When collapsed by age, we observed a sex effect (Fig. 4I; two-way ANOVA, effect of lighting condition (F_(1,32) = 70.39, p < 0.0001), effect of sex (F_(1,32) = 10.53, p < 0.01), effect of interaction (F_(1,32) = 9.529, p < 0.01)). As before, we observed more counts/bout during the dark phase, but female mice showed more activity than males during the dark (active) phase (Sidak's post-hoc, male light vs. dark: p < 0.001, female light vs. dark: p < 0.0001, dark male vs. female: p < 0.0001). Overall, this shows that during the active phase the young females show more movement than males, and that young mice in general have more counts/bout than the old mice.

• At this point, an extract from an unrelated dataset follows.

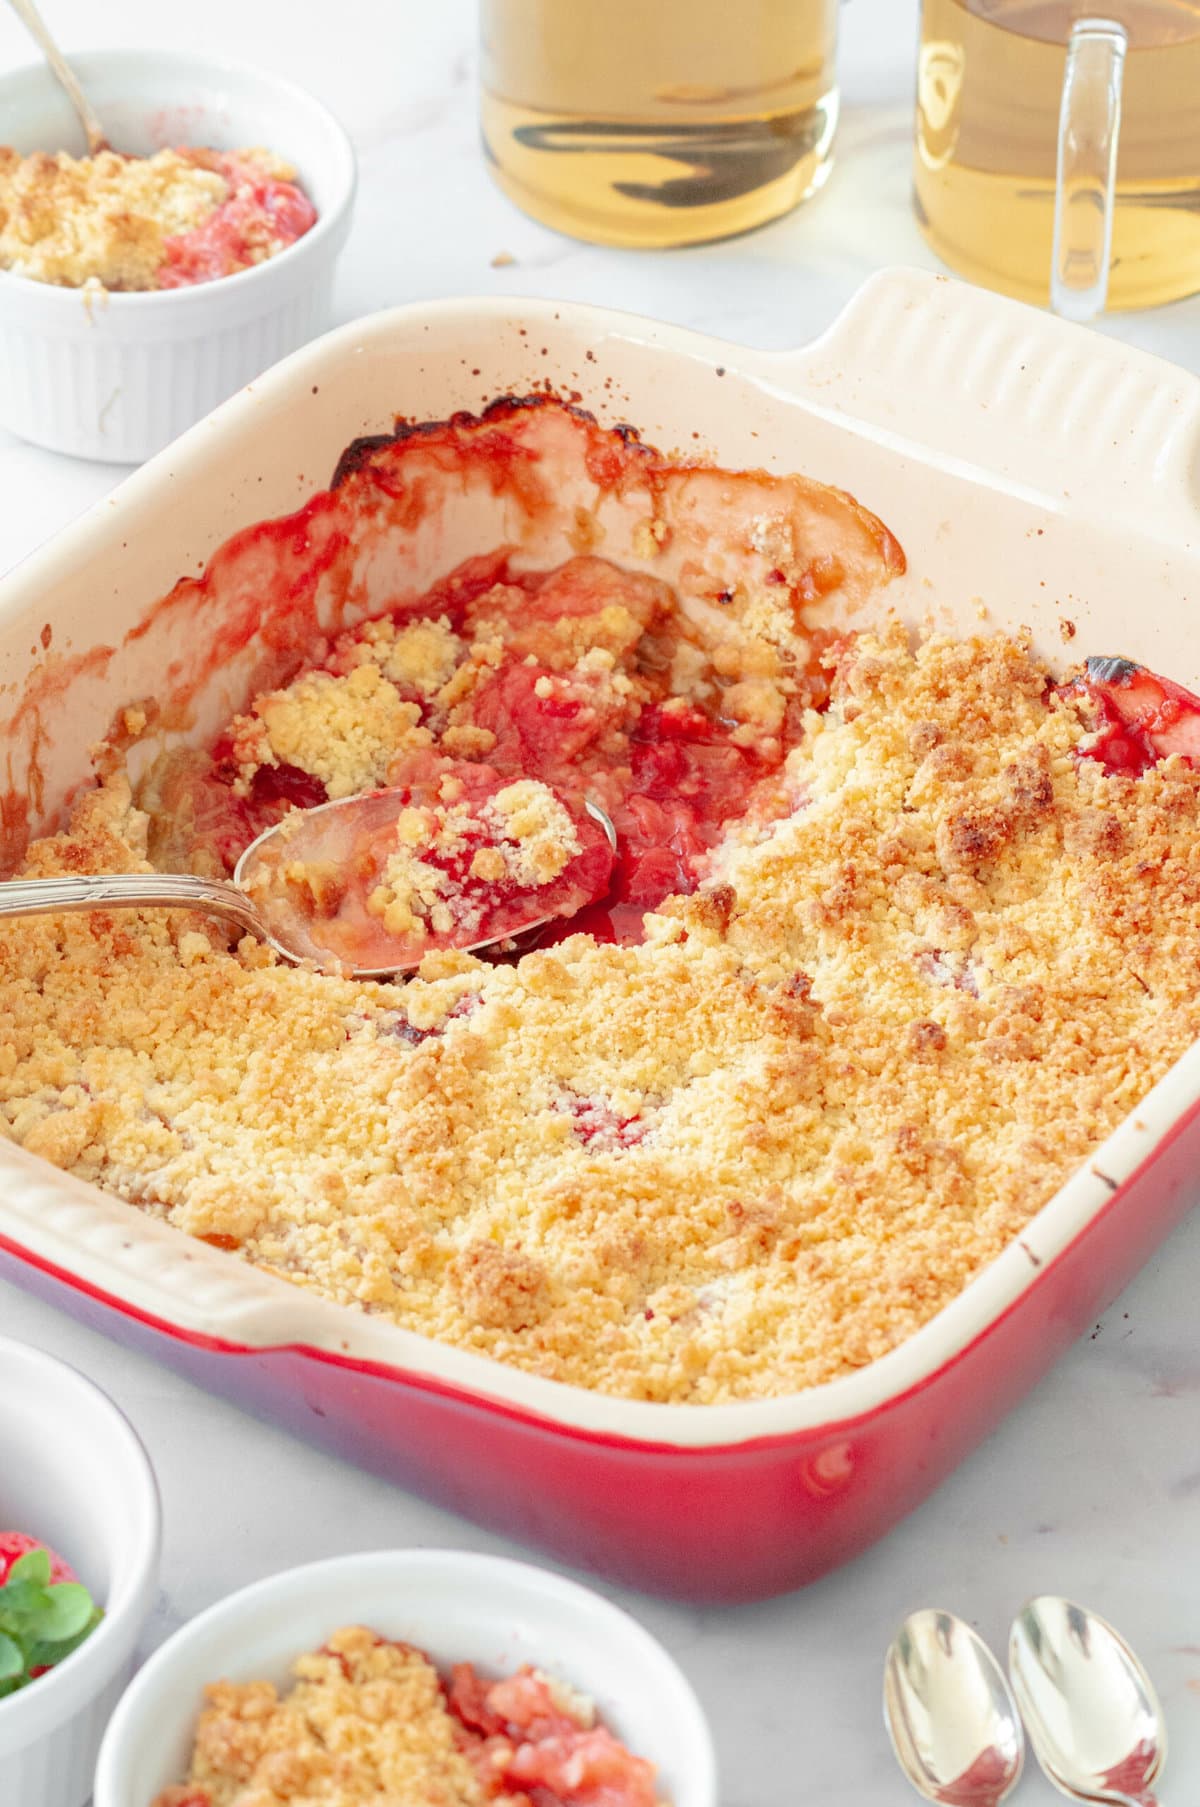 Strawberry and rhubarb crumble in a dish with tea and strawberries in a bowl.

We also looked at the length in minutes of discrete activity bouts across the diurnal cycle, and we found that sex and ZT time both influenced how active the mice were, but age did not affect activity bout length (Suppl. Figure 4 C; three-way ANOVA, effect of lighting condition (F_(1,30) = 67.54, p < 0.0001), sex (F_(1,30) = 10.15, p < 0.01), lighting condition x sex (F_(1,30) = 8.044, p < 0.01); no effect of sex, lighting condition x age, age x sex, or lighting condition x age x sex). Across all of these measures, we consistently see that mice show more activity during the night than during the day, with females and young mice showing the most activity.